Man Group Slumps Most Since 2013 After Citi Says Sell Stock

Man Group Plc, the world’s largest listed hedge-fund manager, fell the most in almost three years after Citigroup Inc. cut its recommendation to sell from buy.

"Performance-fee generation looks challenged," analyst Haley Tam said in a note on Friday, cutting the firm’s pretax profit forecast by 35 percent to $235 million. Citigroup also reduced the price target to 120 pence from 182 pence.

The shares dropped as much as 9.3 percent in London, making Man Group Friday’s worst performer in the STOXX Europe 600 index. That was the stock’s biggest decline since June 2013. The shares traded at 129.5 pence as of 12:05 p.m.
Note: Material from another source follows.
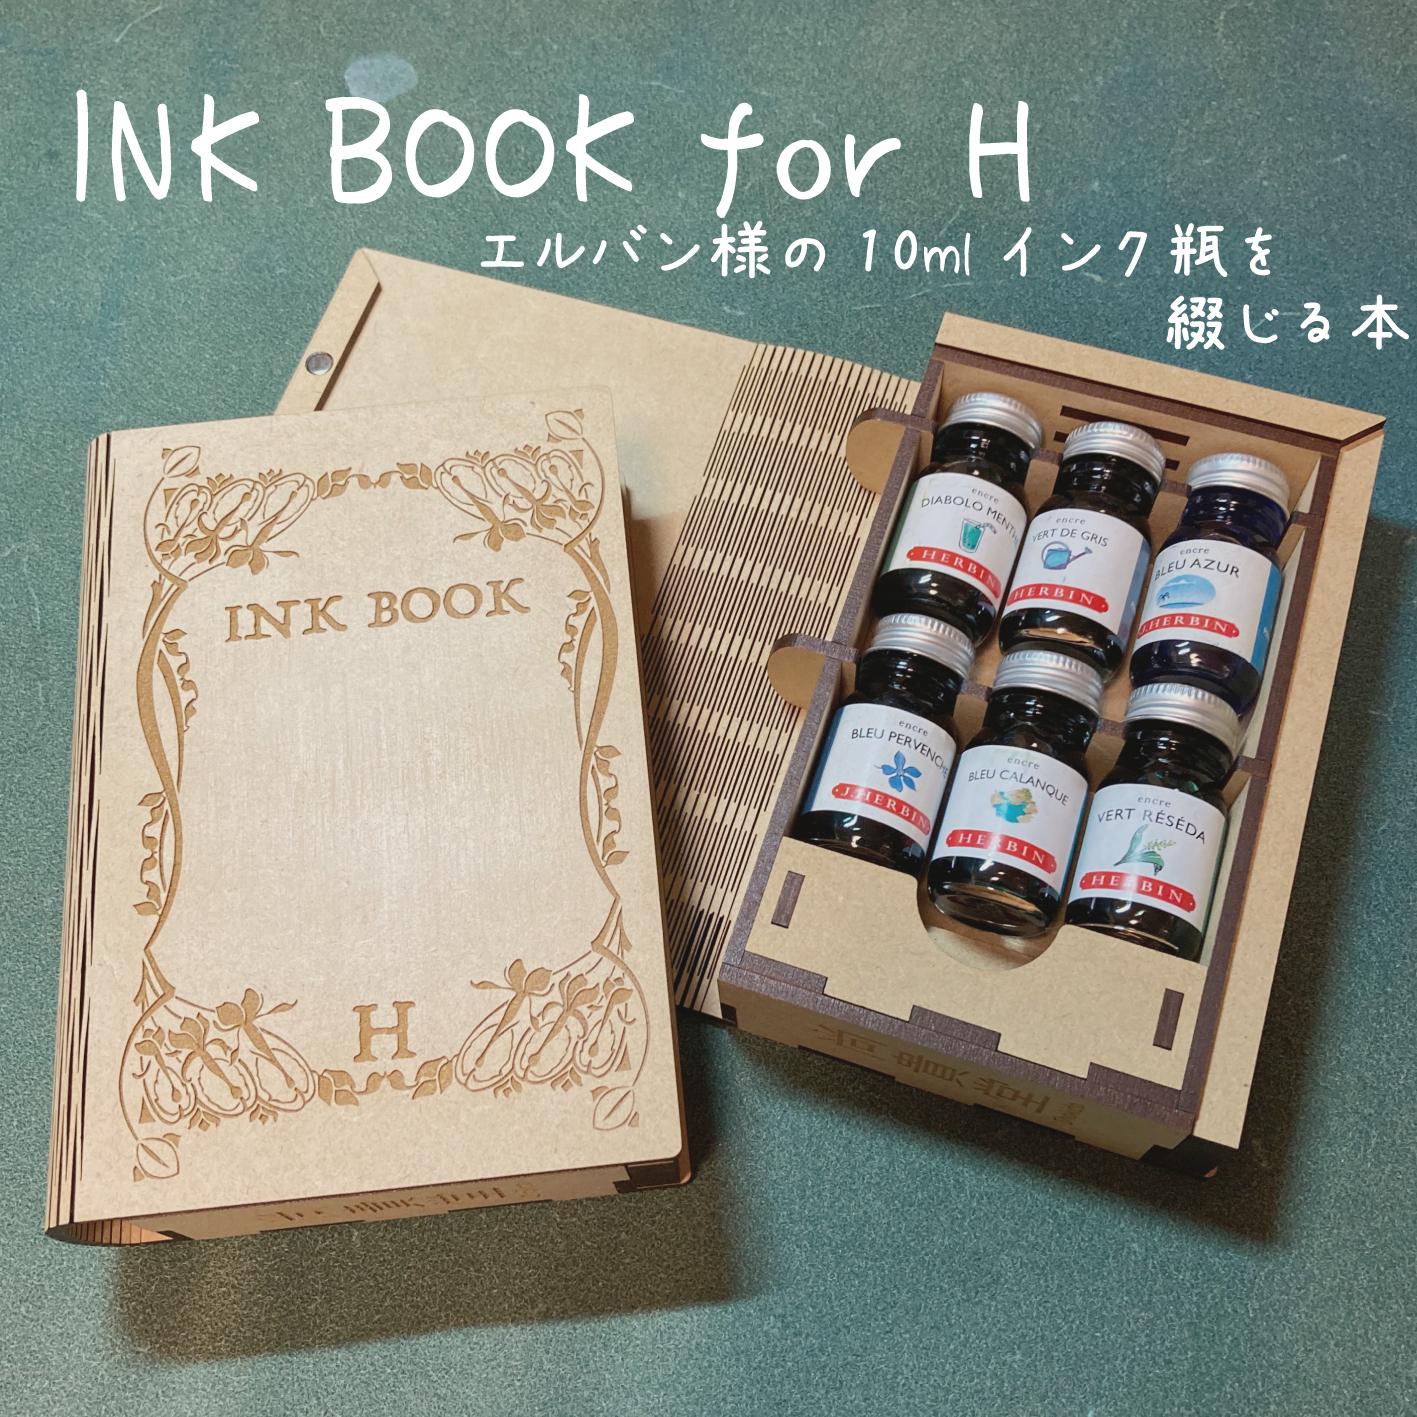 INK BOOK for H(エルバン10mlボトル対応)

Citigroup highlighted performance losses at Man Group’s computer-driven AHL unit this year. It said an acquisition would be "the best solution to the fundamentally subdued" assets and earnings-growth outlook, but the chance of one this year is unlikely. The hedge fund has $480 million of surplus capital.

The GLG unit, which uses fundamental analysis, will make very little contribution to performance fees, Tam wrote. “There has been significant investment in acquiring investment talent and FUM at GLG,” according to the note. “This has so far apparently been unsuccessful in repairing performance or flow momentum.”

Man Group’s 2015 profit fell 17 percent as performance-fees and margins dropped. Last month it reported net inflows of $500 million in the first quarter as its computer-driven funds attracted investors. A spokeswoman for the company declined to comment on the Citigroup report.